Отослав вернувшуюся было девочку, Лот повернулся к собеседнику. У того был ворох новостей. И все с войны. Он рассказал о несметном количестве убитых и тяжелораненых – всё близкие и дальние знакомые, жившие по обе стороны реки. С ампутированными руками, лишившиеся ног, с изуродованными лицами, каких только нет. У одного, слышал Диневитцер, голова и туловище целехоньки, но нет ни рук, ни ног. Сам его не знает.
– Слава богу, – заметил Лот. – Радуйся.
– Даже покончить с собой не сможет, – сказал Диневитцер.

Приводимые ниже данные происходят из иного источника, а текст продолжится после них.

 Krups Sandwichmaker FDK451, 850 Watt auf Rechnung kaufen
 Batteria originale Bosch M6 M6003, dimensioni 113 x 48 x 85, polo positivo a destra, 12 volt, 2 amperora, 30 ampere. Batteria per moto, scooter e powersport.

Иногда крестьянин переспрашивал, если не сразу понимал, о ком речь. Про многих он только слышал, но почти все, о ком рассказывал почтальон, были из крестьянских семей, Лоту они казались ближе других, он сочувствовал им сильнее. С кем-то мог и встречаться. Он понимал, как трудно приходится семье после потери работника и какое это горе.
Девочка тихонько вошла в чистую комнату, где на диване, который старшая сестра приспособила под кровать, в лихорадке лежала мать. Два дня назад она в хлеву неосторожно наступила на вилы, и зубья проткнули ей вену. «Кровь хлестала фонтаном, – рассказывала старшая сестра доктору, за которым отец съездил в ближайший город на рыдване, – пол в хлеву был такой, будто теленка забили». Когда доктор уехал, мать упрекала отца, что тот из-за такой ерунды поехал за доктором. Мол, в хозяйстве подобное случается сплошь и рядом. Сейчас, когда с деньгами туго, как уже давненько не бывало, им ни к чему расходы на доктора. Повязку бы и Мария наложила, а больше ничего не надо. На следующее утро матери стало плохо, когда она доила корову. Опершись на подоконник, мать неловким движением опрокинула горшок с молоком. На лбу выступили капли пота, она медленно сползла по стене и смотрела странным, застывшим взглядом. Совсем как сейчас, когда Тереза спросила, правда ли, что у нее большая голова. Мать не отвечала. Она смотрела перед собой и не двигалась, хотя сидела в постели прямо, прислонившись к двум большим подушкам.
– Хочешь еще укол, мама? – спросила Тереза. – Сказать папе, чтобы он опять привез доктора?
Мать по-прежнему смотрела вперед, и дочь помчалась в кухню. Пусто. Отец и Диневитцер ушли. Тереза побежала во двор, ища хоть кого-нибудь. Того, кто избавит ее от чувства вины. Взгляд матери жег девочку изнутри. «Возможно, заражение крови», – сказал доктор Пачи, когда приехал делать второй укол. После укола взгляд матери стал нормальным. «Пусть доктор опять сделает маме укол, – думала Тереза, – очень страшно, когда она так смотрит. Пусть доктор уколом заставит этот взгляд уйти». «Папа, папа!» – кричала она. Из сарая вышла сестра Сюзи с потным лицом, черным от сена и пыли, и отругала Терезу за то, что та громко кричит:
– Рита еще спит! Ты разбудишь ее воплями.
– Мама опять так смотрит, – сказала Тереза, и на душе полегчало, рядом была сестра. Хоть и ругалась.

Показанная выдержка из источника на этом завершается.